6. Deployment Vulnerabilities
External cloud services are commonly used to control the cost of training and deploying machine learning models. Some cloud services even provide customer solutions for machine learning specific tasks, which provide standard machine learning libraries and monitoring solutions as part of their offering. The compromise of training or deployment platforms can jeopardize the security of machine learning systems despite having all their components and algorithms secured. For example, secure and trusted machine learning processes and components can be replaced by malicious ones at the (compromised) platform supposed to execute them. Therefore, the integrity of the training and deployment platforms must be verified to secure machine learning systems and reduce potential attack vectors.

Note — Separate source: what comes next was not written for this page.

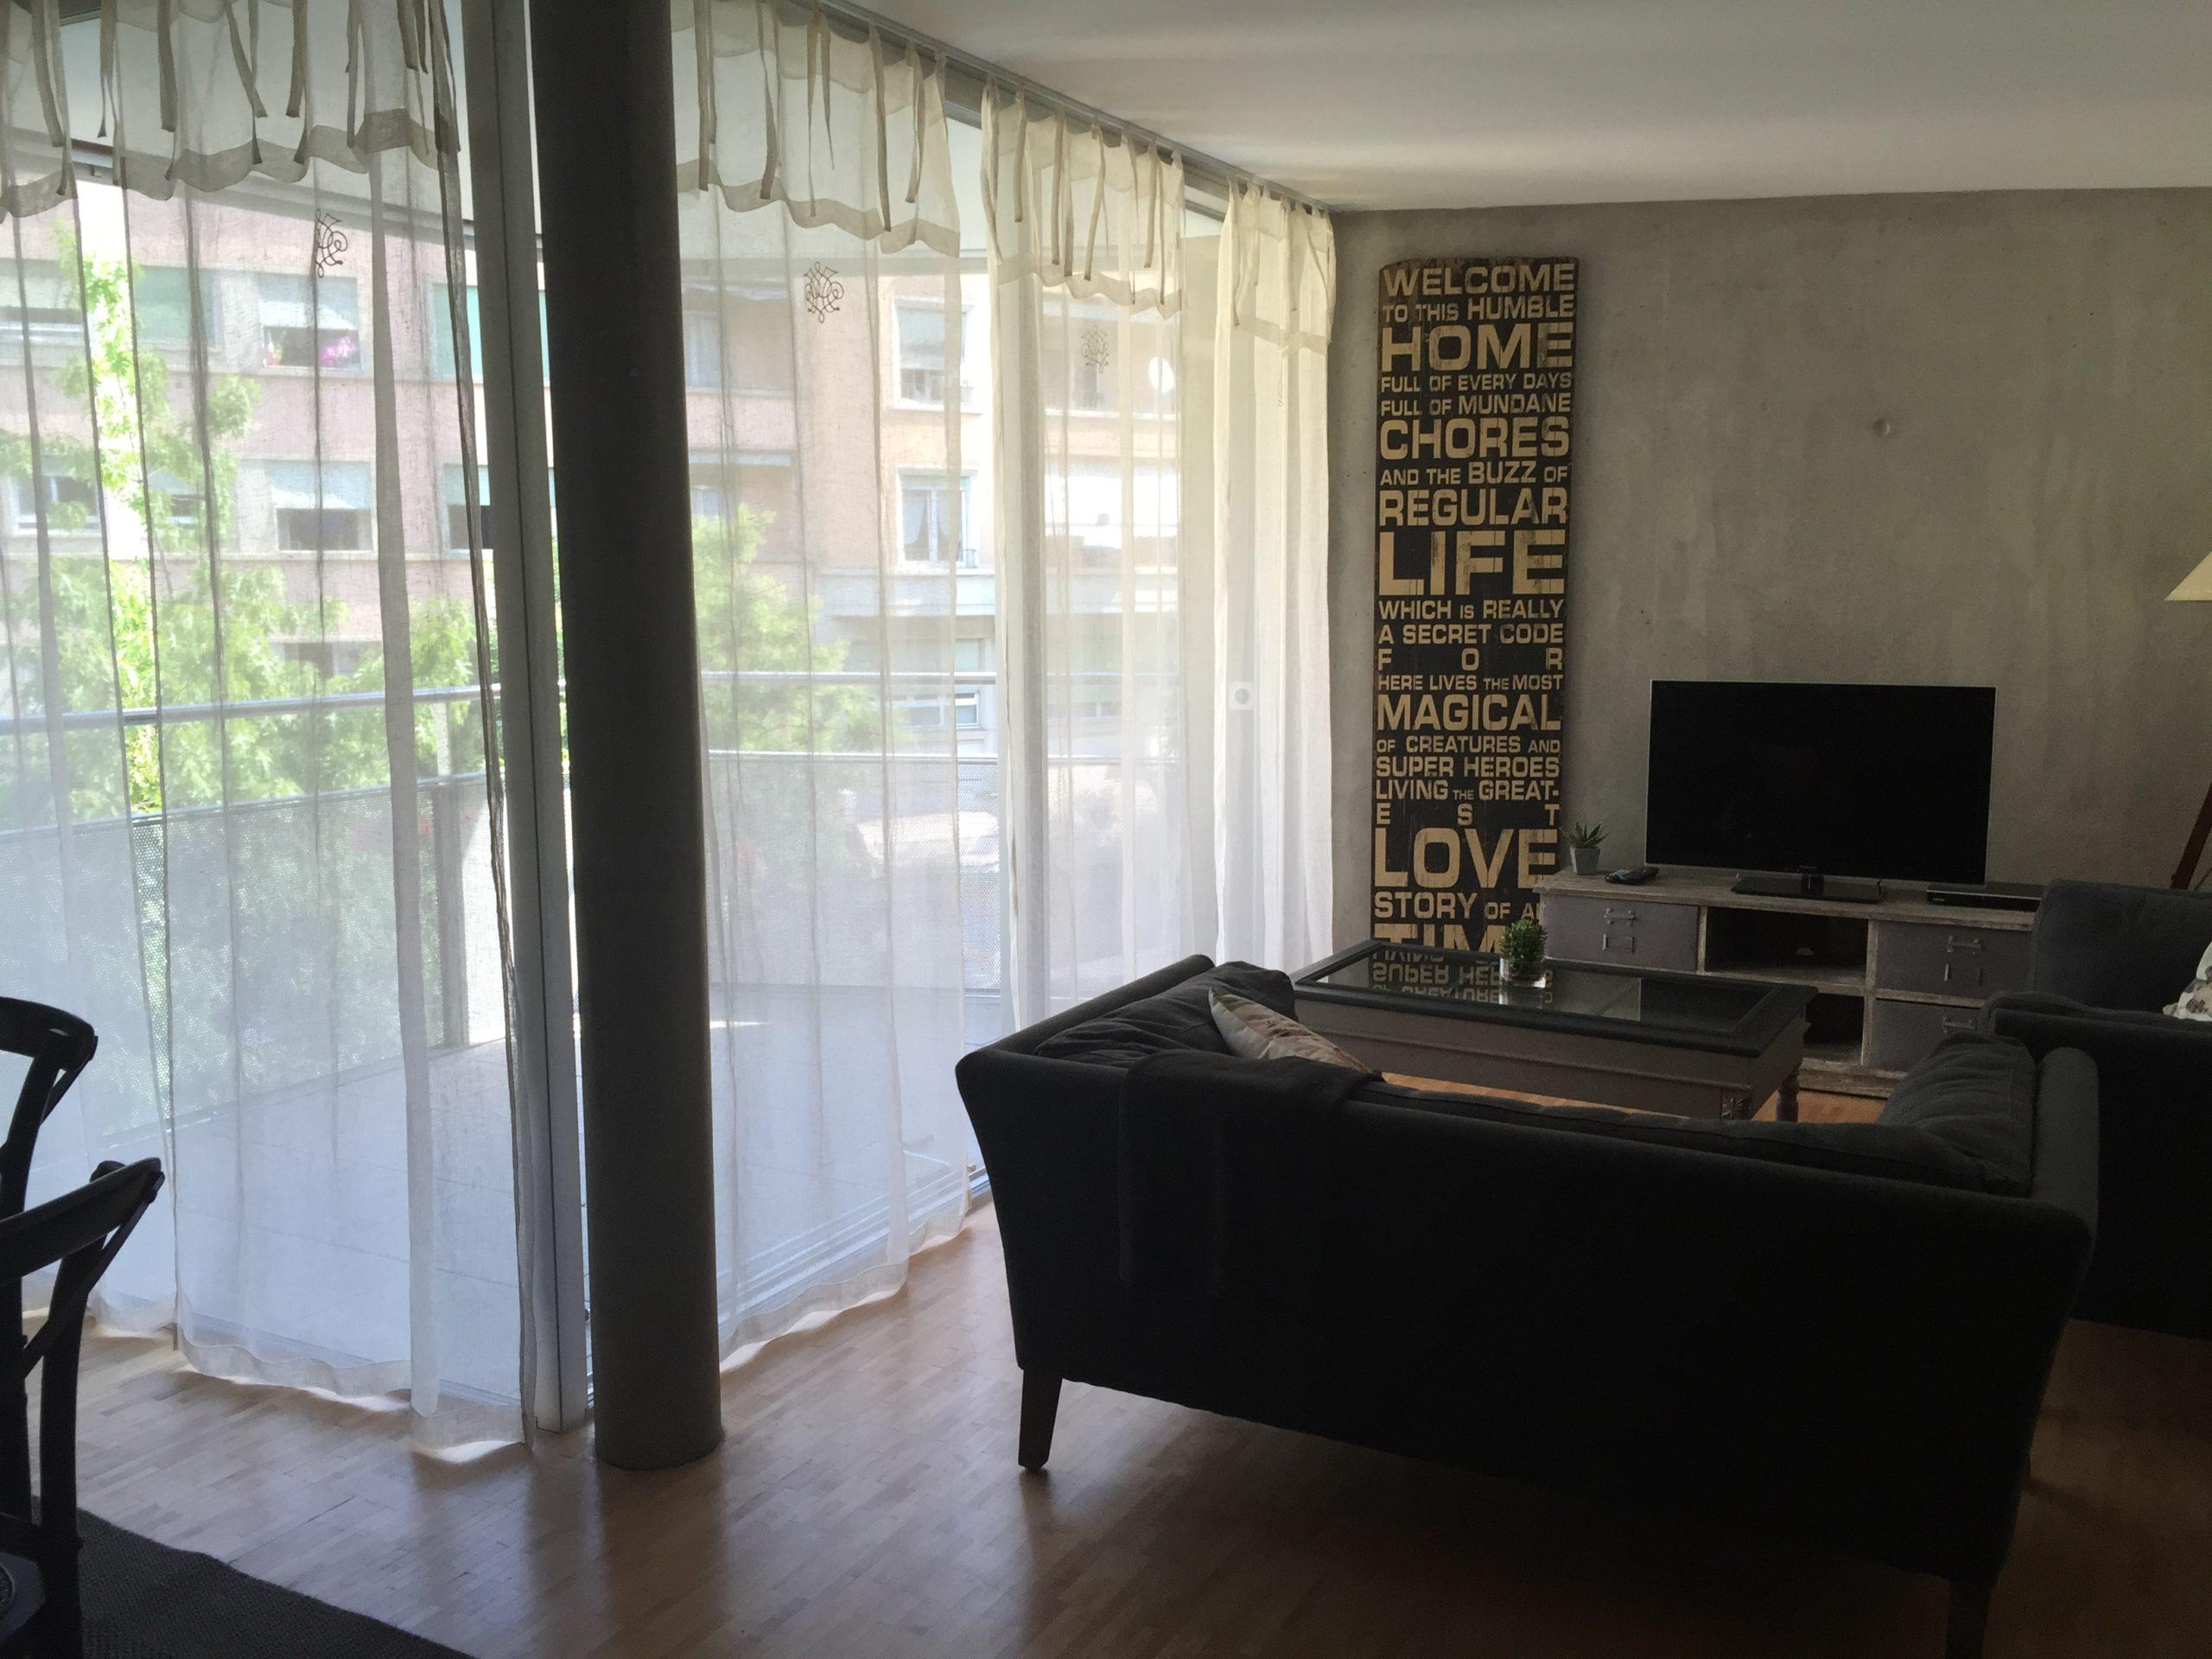 Rue du Flon 12, Lausanne - 3.5 pièces - Lot 3.2 4

This article discussed why machine learning models and systems exhibit an increased attack surface compared to their traditional counterparts. Furthermore, the article presented a short overview of the vulnerabilities of ML-based systems. In this context, it is essential to highlight that a profound and detailed understanding of the attack surface and presented vulnerabilities is key for effective threat modelling and securing ML-based systems. Therefore, we refer the interested reader to the SPATIAL deliverable D1.2 [1] for more details on the presented vulnerabilities. In addition, this deliverable provides a comprehensive overview of conventional and new security frameworks specifically tailored for analysing the security posture of machine learning systems, as well as a discussion and security analysis of different machine learning architectures.
*This article is intended to provide only an entry point to the knowledge of ML vulnerabilities. For a more detailed discussion, we refer the interested reader to the SPATIAL deliverable D1.2 [1].
References
[1] S. Marchal, A. Kirichenko, A. Patel, M. Boerger, N. Tcholtchev, M.-D. Nguyen, V. Hoa La, A. R. Cavalli, C. Soriente, N. Kourtellis, D. Perino, A. Lutu, S. Park, P. Bagave, A. Ding, M. Westberg, M. Liyanage, S. Wang, B. Siniarski, C. Sandeepa, and T. Senevirathna, “SPATIAL D1.2 – Security Threats modelling for AI-based System Architectures”, H2020 Project SPATIAL – Grant agreement No. 101021808, Nov. 2022.
[2] B. Biggio and F. Roli, “Wild patterns: Ten years after the rise of adversarial machine learning,” Pattern Recognition, no. 84, pp. 317-331, 2018.
[3] S. Aniruddha, A. Subramanya and H. Pirsiavash, “Hidden trigger backdoor attacks,” in Proceedings of the AAAI conference on artificial intelligence, 2020.
[4] B. Biggio, I. Corona, D. Maiorca, B. Nelson, N. Srndic, P. Laskov, G. Giacinto and F. Roli, “Evasion Attacks against Machine Learning at Test Time,” in Proceedings of the 2013th European Conference on Machine Learning and Knowledge Discovery in Databases, 2013.
[5] S. Yeom, I. Giacomelli, M. Fredrikson and S. Jha, “Privacy risk in machine learning: Analyzing the connection to overfitting,” in IEEE 31st computer security foundations symposium (CSF), 2018.